Contact: delmar{at}inapg.inra.fr
Supplementary information: http://www.inapg.inra.fr/ens_rech/mathinfo/recherche/mathematique/outil.html
| 1 INTRODUCTION |
|---|
|
|
|---|
Reliable identification of differentially regulated genes is a key issue in many molecular biology experiments using microarray technology for measuring mRNA levels in tissue samples.
Many different approaches and methodological developments have been described. After careful examination of existing methods and analysis of many datasets, we were able to form a list of functional requirements:
- A flexible variance model.
- Accurate variance estimates.
- Data-driven parameters estimation.
- Handling missing values.
- Strong control of the false positive rate.
- Optimal detection power.
It turns out that there is some room for a method that could reliably meet all these requirements, and this work will present a novel method designed to comply with them. Section 1.1 outlines our variance model and gives a brief overview of other existing methods. In Section 2 we formulate the statistical data model and testing procedure. Section 3 gives some algorithm details. Section 4 is an application of the proposed method to a real-world dataset, the Affymetrix U133 Latin square data (http://www.affymetrix.com). In Section 5, the results of a thorough simulation study comparing popular methods for analysis of microarray data are discussed.
1.1 Background
Many different sources of variability affect gene expression intensity measurements in microarray experiments (Schuchhardt et al., 2000; Kerr et al., 2002) including spatial effects, variability in probe sources, mean spot intensity level. Not all are well characterized or even identified. A generally limited number of replications does not permit accurate estimation of the variance for each gene individually. Using a common variance for all the genes would provide a very powerful test and an accurate variance estimate, yet the homoscedastic hypothesis is clearly not acceptable. There is some room between these two extremes, and several methods have already been proposed.
ANOVA type approach Kerr et al. (2002), Draghici et al. (2003) and Wolfinger et al. (2001) have presented adaptation of the general linear model. These models generally try to encompass the different sources of systematic variability.
Non-parametric approach Tusher et al. (2001) developed a non-parametric approach called SAM for significance analysis of microarrays. They add a constant to the gene-specific standard error to avoid false positives due to under estimation of the gene variance. They also define a non-parametric significance level using a permutation procedure.
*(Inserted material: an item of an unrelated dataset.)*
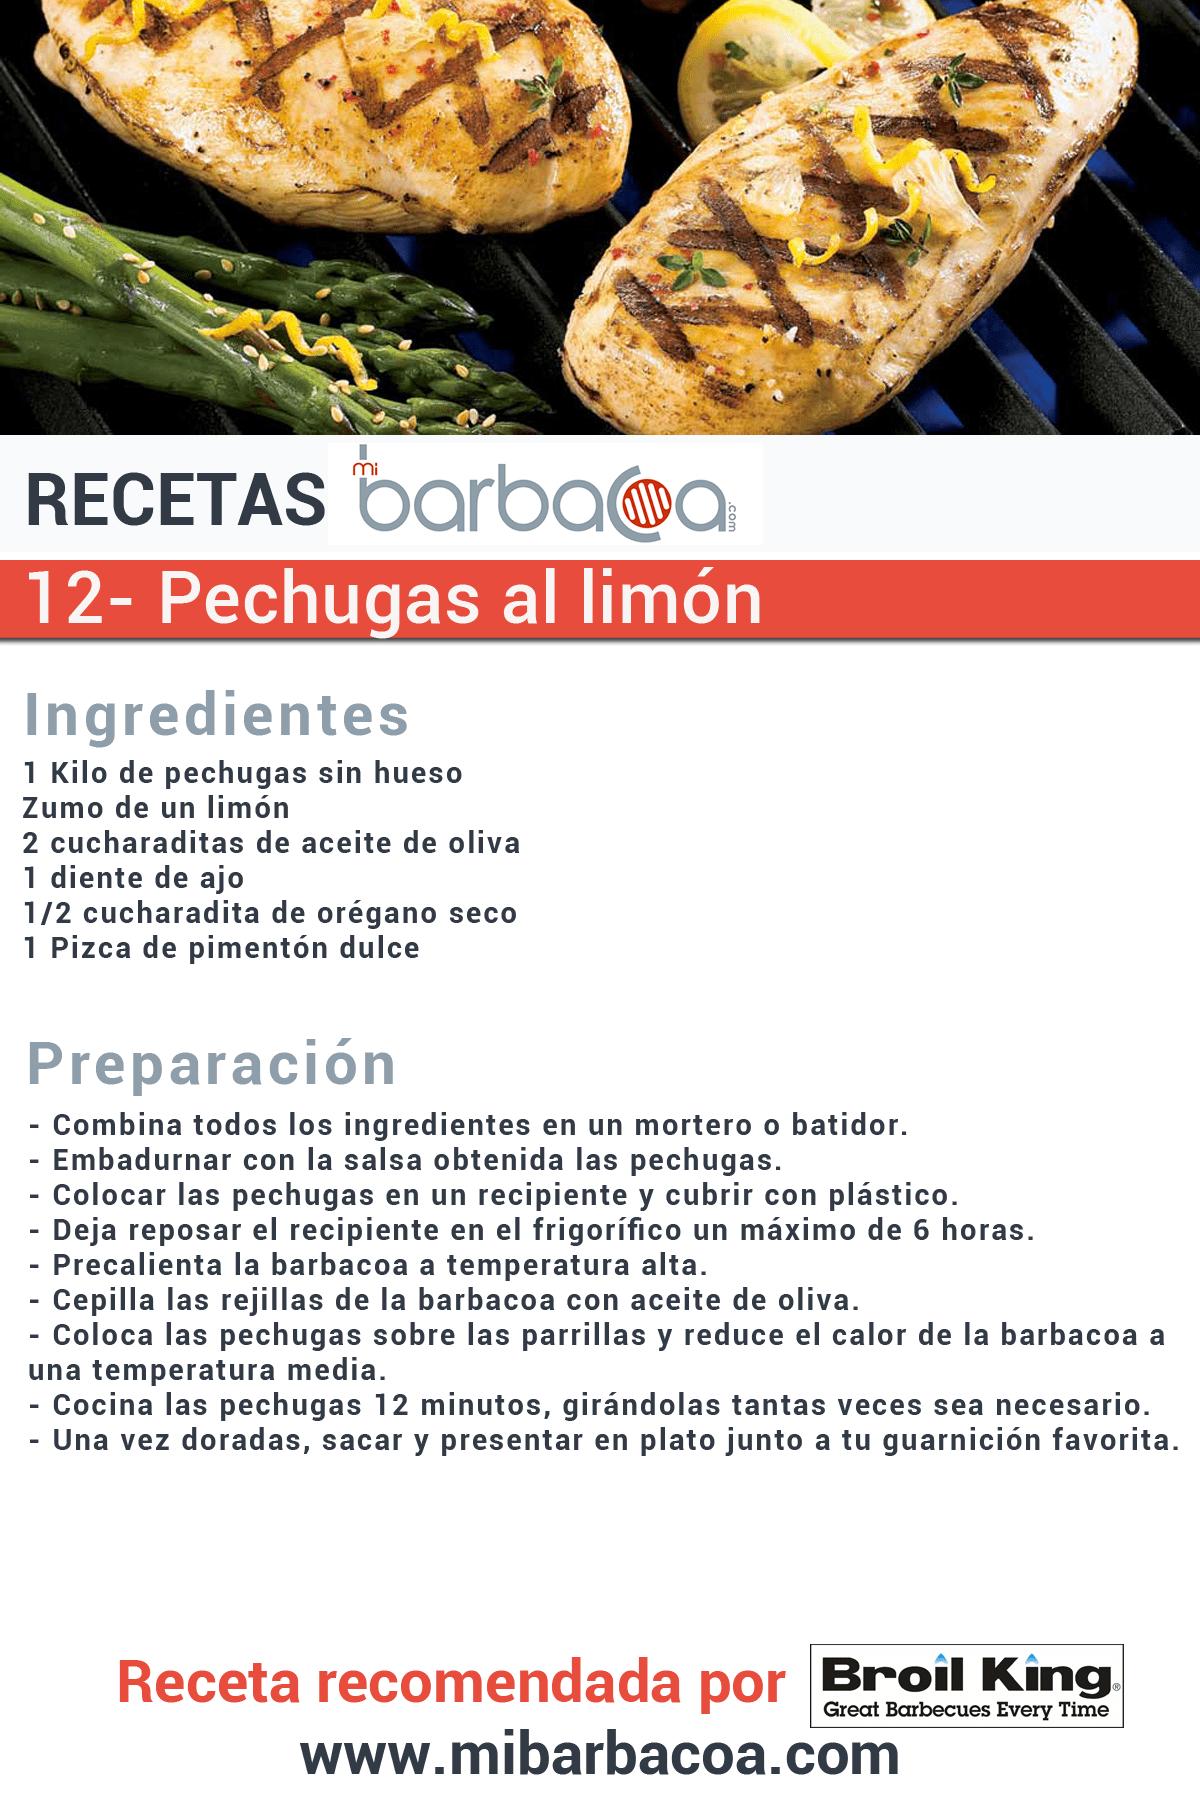 Recetas para barbacoa - mibarbacoa.com - barbacoa - barbacoas - bbq - parrilla - cocina - recetas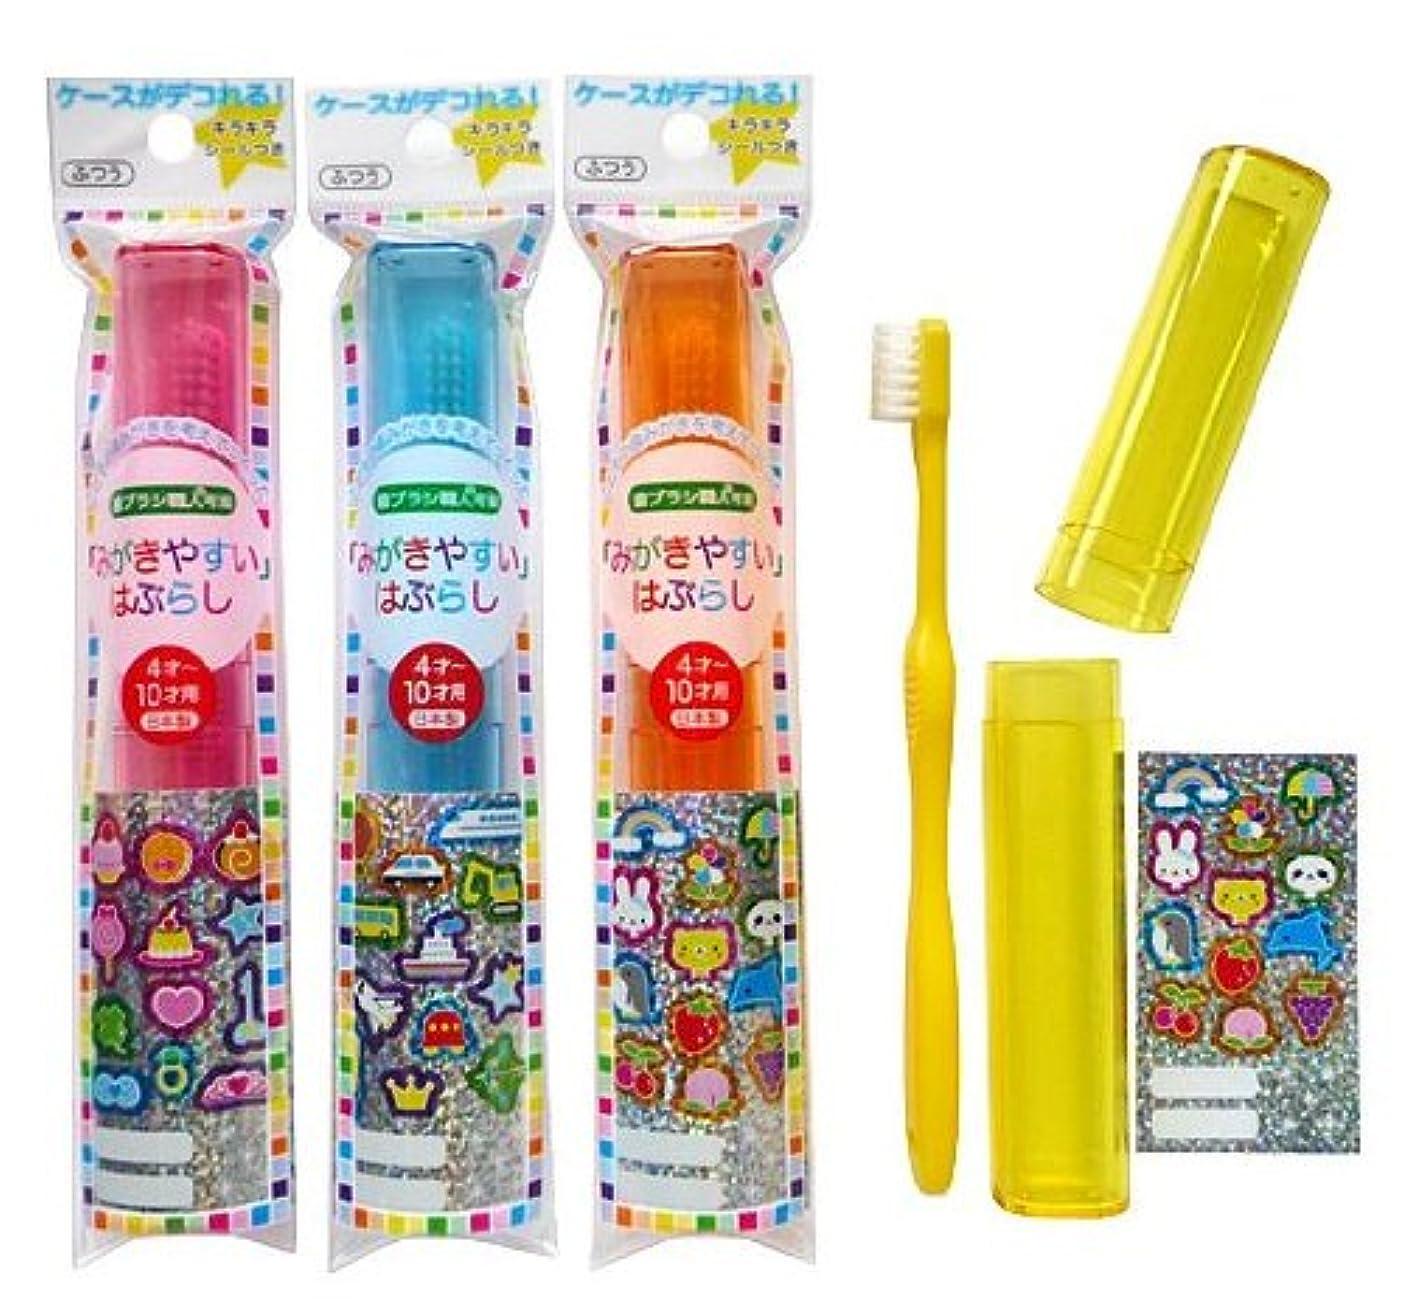 羽傷つきやすい最少ライフレンジ 磨きやすい歯ブラシ こども用ケース付き 12本

Structural variance modelling approach Wang and Ethier (2004) have proposed a likelihood ratio test based on the variance model of Rocke and Durbin (2003).
Bayesian approach Baldi and Long (2001) developed a method from a fully Bayesian framework. Their solution, called Cyber-T, is a t-test with regularized variance estimate and adapted degrees of freedom. Some empirical indications are provided for setting the values of the hyperparameters. Lönnstedt and Speed (2002) also proposed an empirical Bayes strategy and derived a logit model on the probability for a gene to be differentially expressed. Their solution uses a regularized estimate of the variance which requires user-defined hyperparameter.
Machine learning approach Cole et al. (2003) proposed a completely different approach. They employed machine learning techniques, and transformed the problem of identifying differentially regulated genes into a prediction problem. With a few example datasets, they showed that their method was more powerful than other existing statistical methods.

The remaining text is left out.